Hirving Lozano: De la pesadilla a la plenitud

NÁPOLES, Italia.- Hirving Lozano se fortaleció desde el sufrimiento, desde callar y trabajar. Nunca hizo una declaración fuera de tono, no buscó la salida fácil (irse a otro equipo), enfrentó la adversidad y la venció.

Hoy parece lejana la primera temporada del ‘Chucky’ en el Napoli que comenzó con fuegos artificiales por convertirse en el fichaje más caro en la historia del club, y además era hombre de confianza del entonces técnico Carlo Ancelotti.

Sin embargo, aquella felicidad fue efímera. El equipo no caminó en las primeras jornadas, con lo que el histórico entrenador italiano fue cesado y ahí empezó la pesadilla del delantero mexicano.

La llegada de Genaro Gattuso cambió por completo el panorama para Hirving Lozano, quien pasó de ser un titular indiscutible –Ancelotti incluso lo utilizaba como centro delantero–, a casi casi un ‘apestado’.

El nuevo entrenador se encargó de exhibir públicamente las falencias del exjugador del Pachuca: “tiene que aprender a defender… se cae solo como un niño”. Además, lo corrió de un entrenamiento alegando mala actitud, y no solo no jugaba, si no que en ocasiones no salía ni a la banca.

El Napoli fue Campeón de la Coppa Italiana y el ‘Chucky’ un espectador más, pues aunque apareció en fotos con el trofeo, la realidad es que su aporte a dicho logro fue nulo.

Para ese entonces no eran pocas las voces que condenaban a Gattuso e instaban a Lozano a buscar otro equipo, pues estaba “claro” que con los ‘Gli Azzurri’ “nunca” iba a jugar.

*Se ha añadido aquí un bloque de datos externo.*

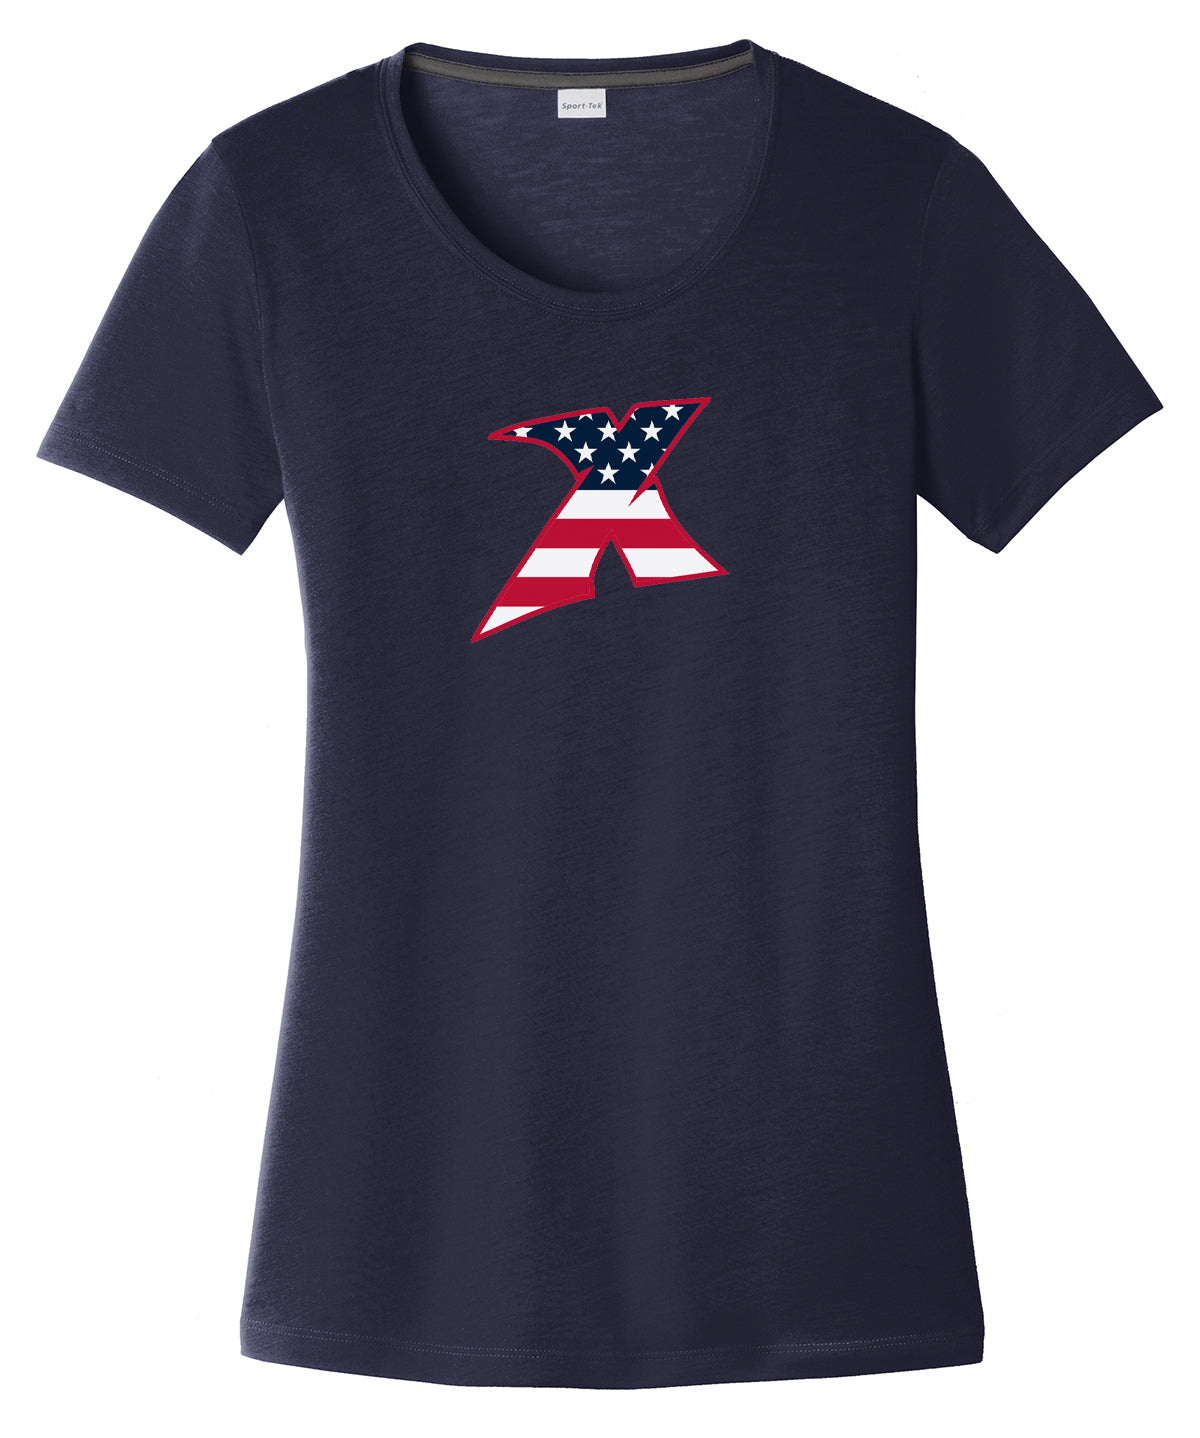 MDX Navy Women's CottonTouch Performance T-Shirt

¿Qué pasó? Hirving se quedó, Gattuso quiso que se quedara; es más, se comprometió a “recuperarlo” y el delantero se curtió a partir del mayor aprendizaje en su carrera.

“Cuando se enoja (Gattuso) es un ogro… La experiencia del año pasado me abrió los ojos”, declaró el ‘Chucky’ hace algunas semanas en una entrevista con TV Azteca.

Salió fortalecido, aprendió y hoy, a todas luces, es un mejor futbolista. Vive la mejor etapa de su carrera, es un jugador más completo porque tal como lo demandaba su entrenador, aprendió a defender. El desgaste físico que tiene en la exigente Serie A es sencillamente impresionante.

Lozano no solo ‘vuela’ por las bandas –la derecha preferentemente–, también cumple con una labor de sacrificio para apoyar al lateral cuando su equipo no tiene el balón. Por ello resulta frecuente que en los segundos tiempos sale de cambio, pero esto no obedece a que esté jugando mal, sencillamente el trabajo que realiza es imposible que lo haga a tope durante 90 minutos.

Si algo ha caracterizado la carrera del ‘Chucky’ desde su debut con el Pachuca en el lejano febrero de 2014 –le hizo gol al América– es la evolución constante que demuestra, tanto en clubes como en Selección Nacional.

Hirving aprende, es inteligente, absorbe. Como juega vive, siempre está inquieto. Y no hace falta conocerlo de primera mano para palpar que no se estanca, crece y crece. Tiene 25 años y pese a que está en un gran momento, no ha alcanzado su tope.

El mejor aprendizaje que Hirving Lozano pudo tener fue esa temporada de pesadilla con la llegada de Gattuso al Napoli. Hoy, agradece aquel dolor que le ayudó a encontrar la plenitud.